Following its 77th session, the UN General Assembly cited economic unrest, geopolitical developments, and the continued fallout from the COVID-19 pandemic and the climate crisis as the cause for the “fractured world” we find ourselves in.
Despite seemingly insurmountable challenges and increasing fragmentation, world leaders quickly identified the solution to such a fracture. They rightfully championed collaboration as the cement that could strengthen individuals, organizations, and industries against current and future challenges, citing several “pockets” of collaboration that prove what can be achieved when we are able to work together.
Hello collaboration, goodbye fragmentation
Just as world leaders can come together to unlock new insights, so too can organizations across a multitude of industries. Good intentions alone won’t make this possible; for true collaboration, organizations need to be able to pool their resources – in this case, their datasets – in a way that’s safe, secure, and benefits everyone involved.
So, rather than centralizing and risking their data, organizations should work on a federated data infrastructure that allows them to reap the rewards of data collaboration whilst protecting their intellectual property and other sensitive information.
There is still a misconception that these assets need to be shared between parties for them to garner any value from them. This misconception has led many organizations to view data collaboration and data sharing as one and the same when in reality, they are wholly different concepts.
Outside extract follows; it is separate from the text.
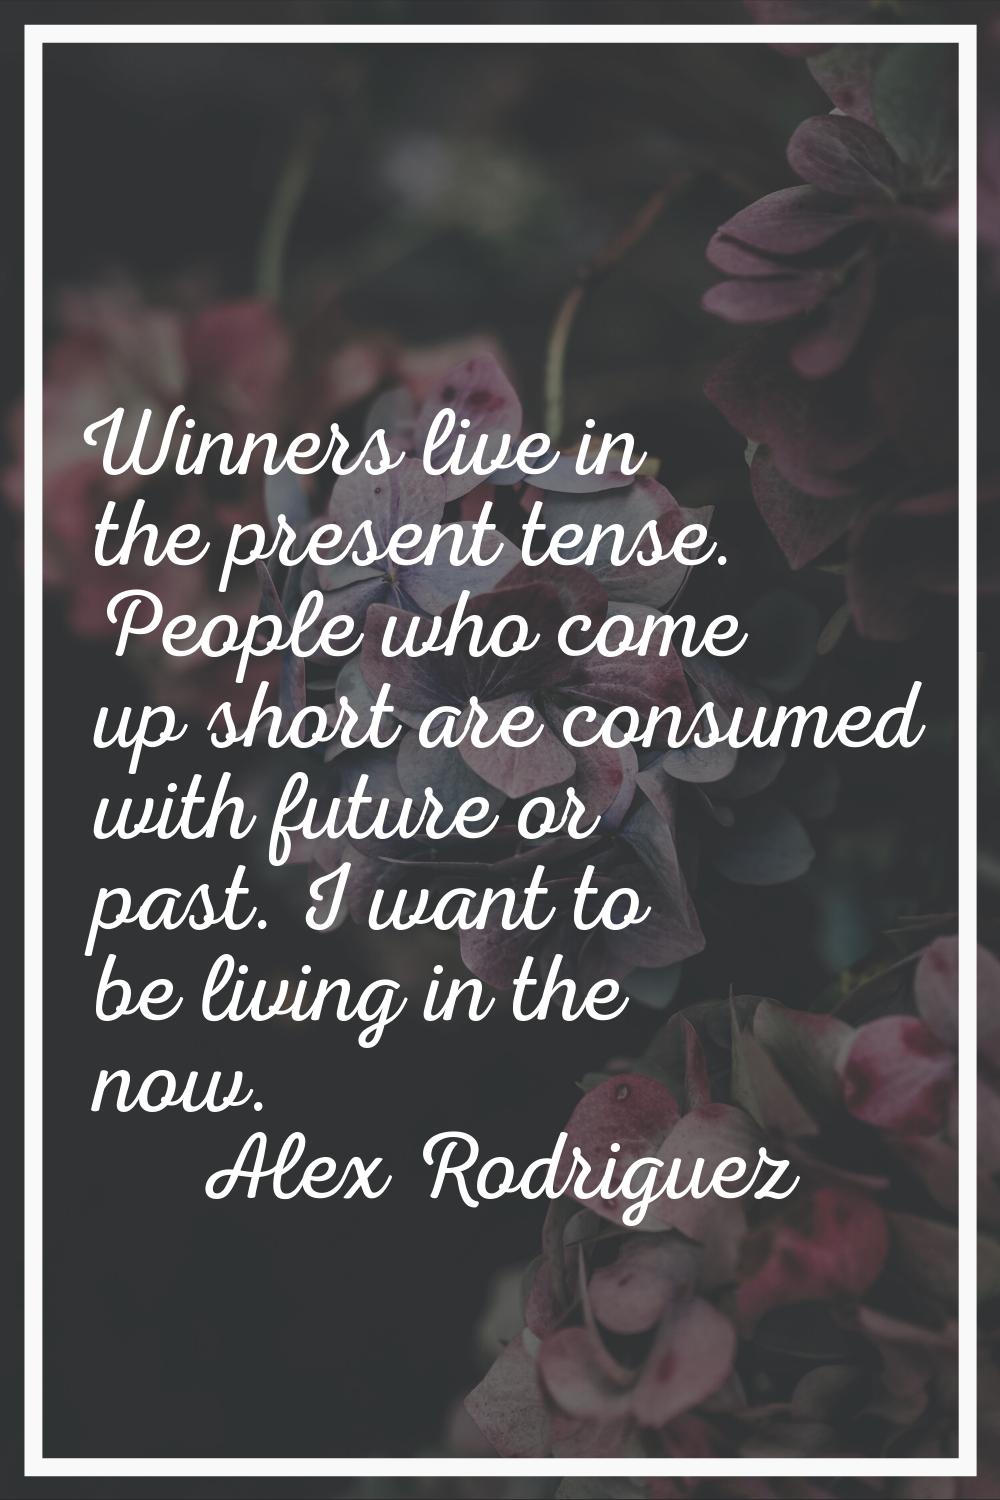 Winners live in the present tense. People who come up short are consumed with future or past. I wan
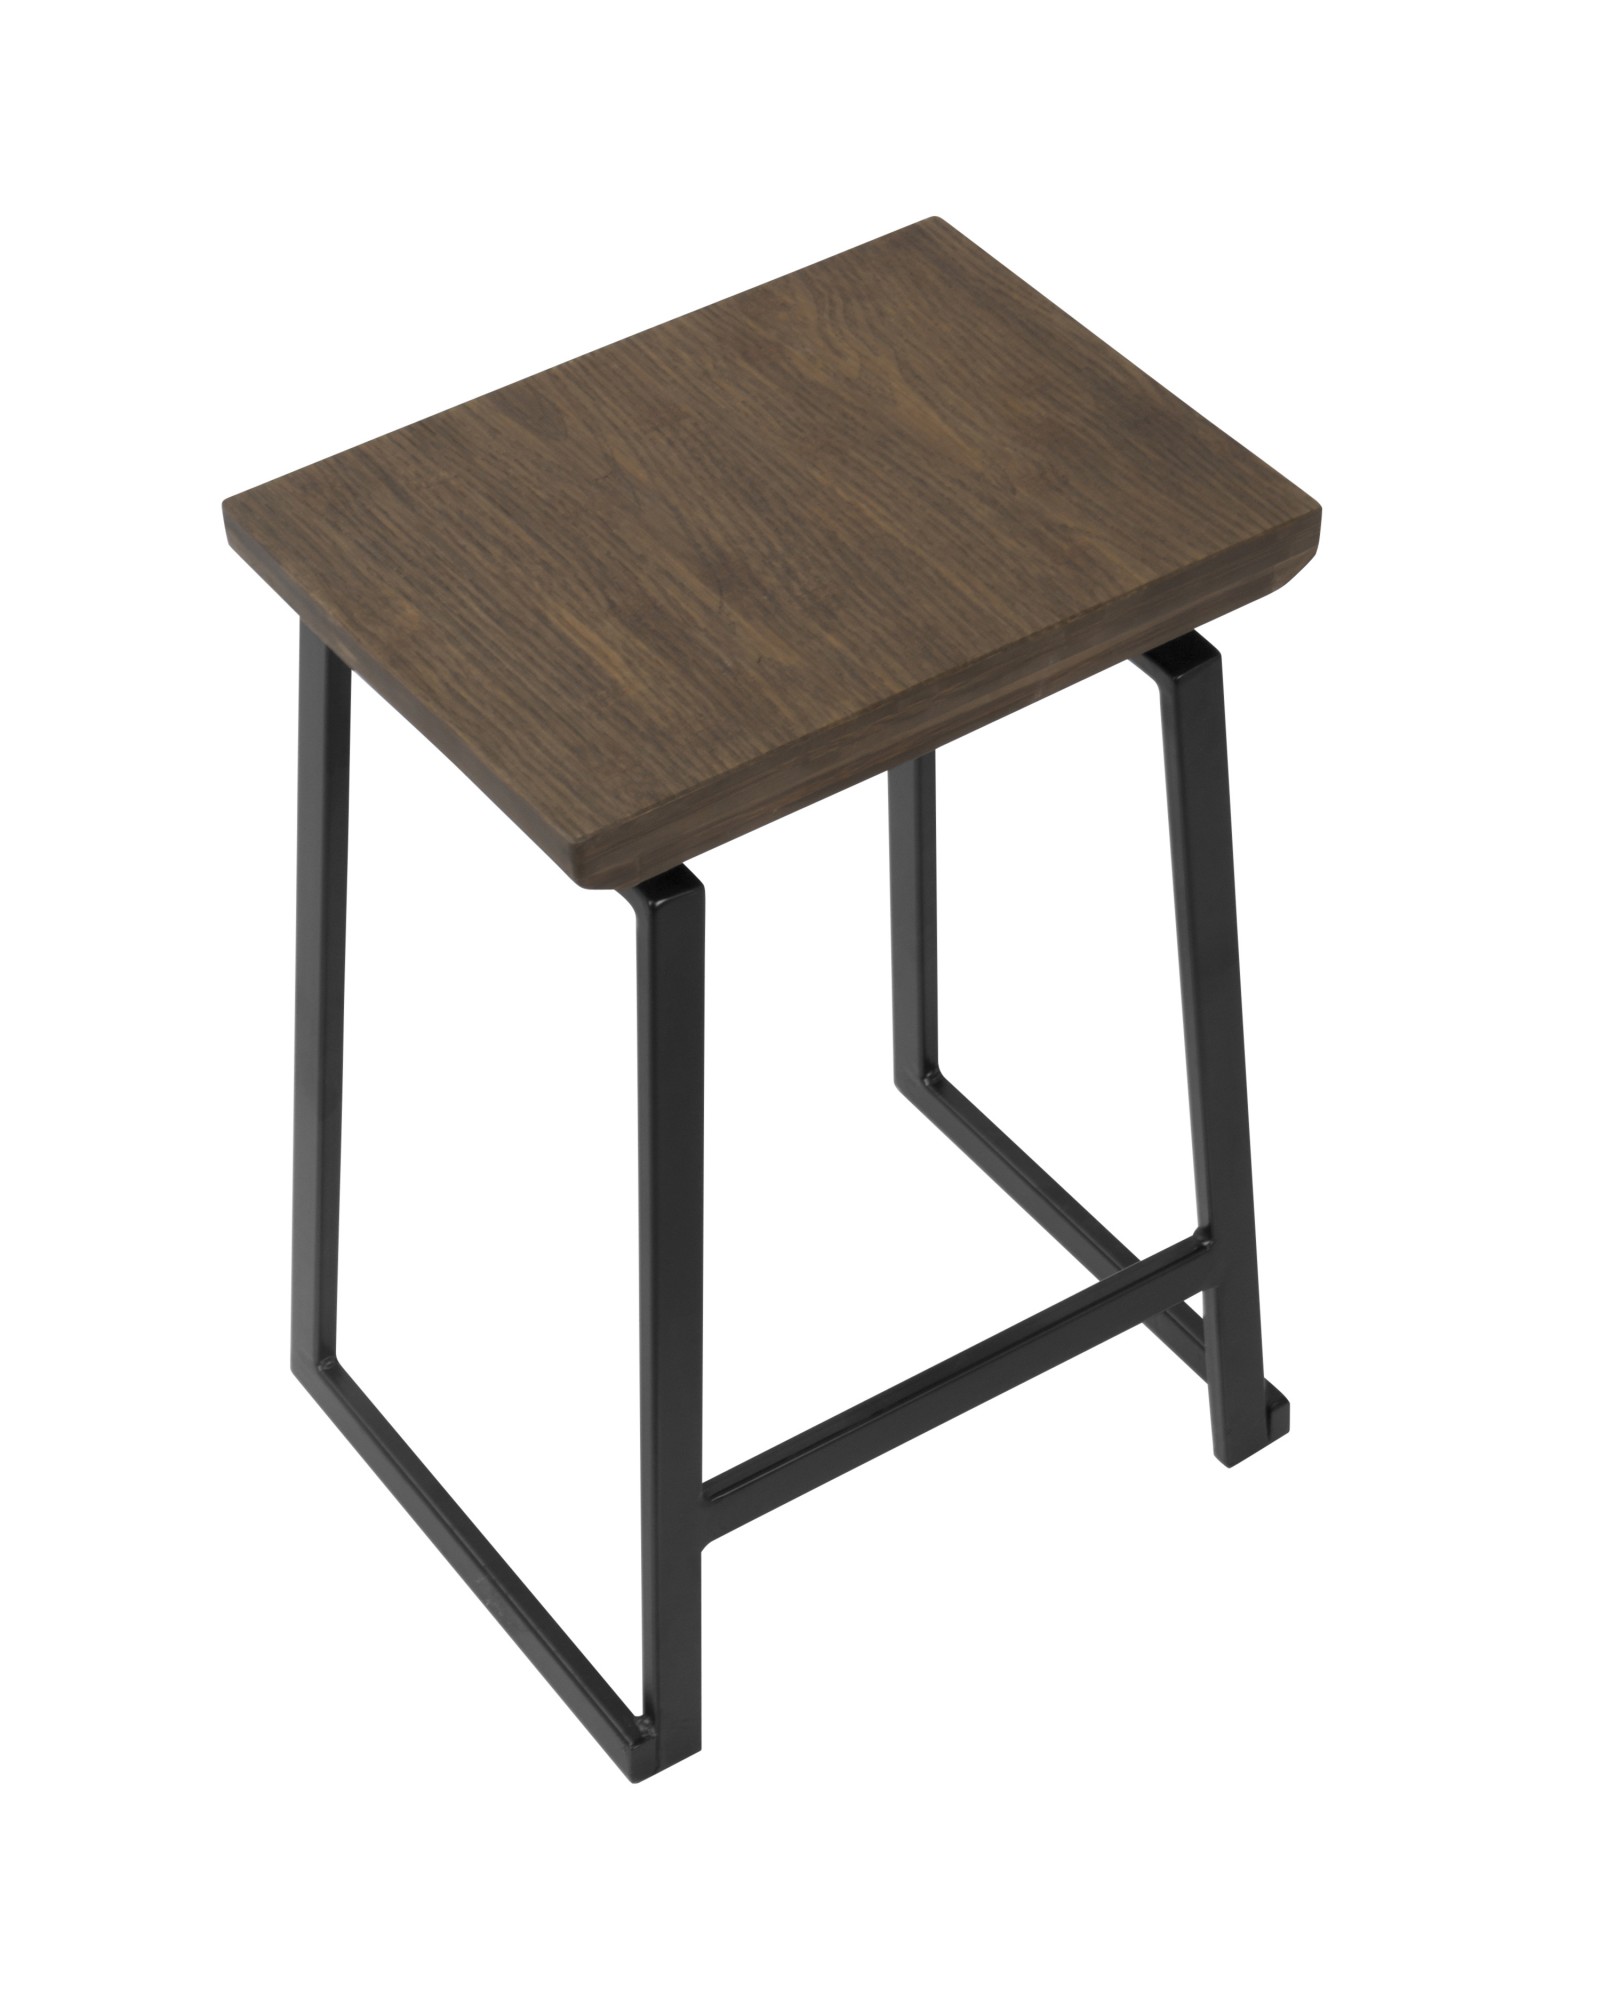 Geo Industrial Counter Stool in Black with Brown Wood Seat - Set of 2

Data sharing asks organizations to share their data with other parties, many of whom could be their direct competitors, so that all parties can access insights from combined datasets. The problem here is that it’s not just the data they need that’s on offer – third parties could see and steal intellectual property. Beyond the implicit trust required to make this happen, there is also the issue of regulatory compliance that makes data sharing, and any dreams of scaling or automating, hard to achieve.
Federated data collaboration, on the other hand, removes the degree of risk that’s common among data sharing agreements. It does this by making only specific data accessible to third parties without the need for it to be moved from the custodian or risking the integrity of other data in the process. Groups engaging in a federated data ecosystem can rest assured that their sensitive data is safe and protected while still mining previously unattainable insights from the unison of their dataset with others in their ecosystem.
The road to successful collaboration
Federated learning can be integrated into an organization’s data or machine learning stack, making the collaborative potential only as limited as the imagination of those involved. Data ecosystems can span individual departments, multiple partners, and even geographical and industry boundaries.
Internal collaboration is one such example for those looking to collaborate on scattered datasets within a single organization. Here, organizations with offices across different geographies that have to contend with various regulations can overcome the hurdles of moving, copying, or centralizing their data. Instead, through federated data, they can collaborate on a single source of accessible data that better informs customer knowledge, marketing decisions, operational effectiveness, and more.
For any data collaboration efforts that span beyond the confines of a single organization, the data ecosystem must be built on a foundation of a federated infrastructure that ensures security and privacy as standard. By implementing a federated infrastructure, organizations can also rest assured that all activities are logged for auditing, compliance, and other necessary oversights. Beyond this, all parties must agree on strict asset policies, privacy controls, and similar measures to protect all data in the ecosystem.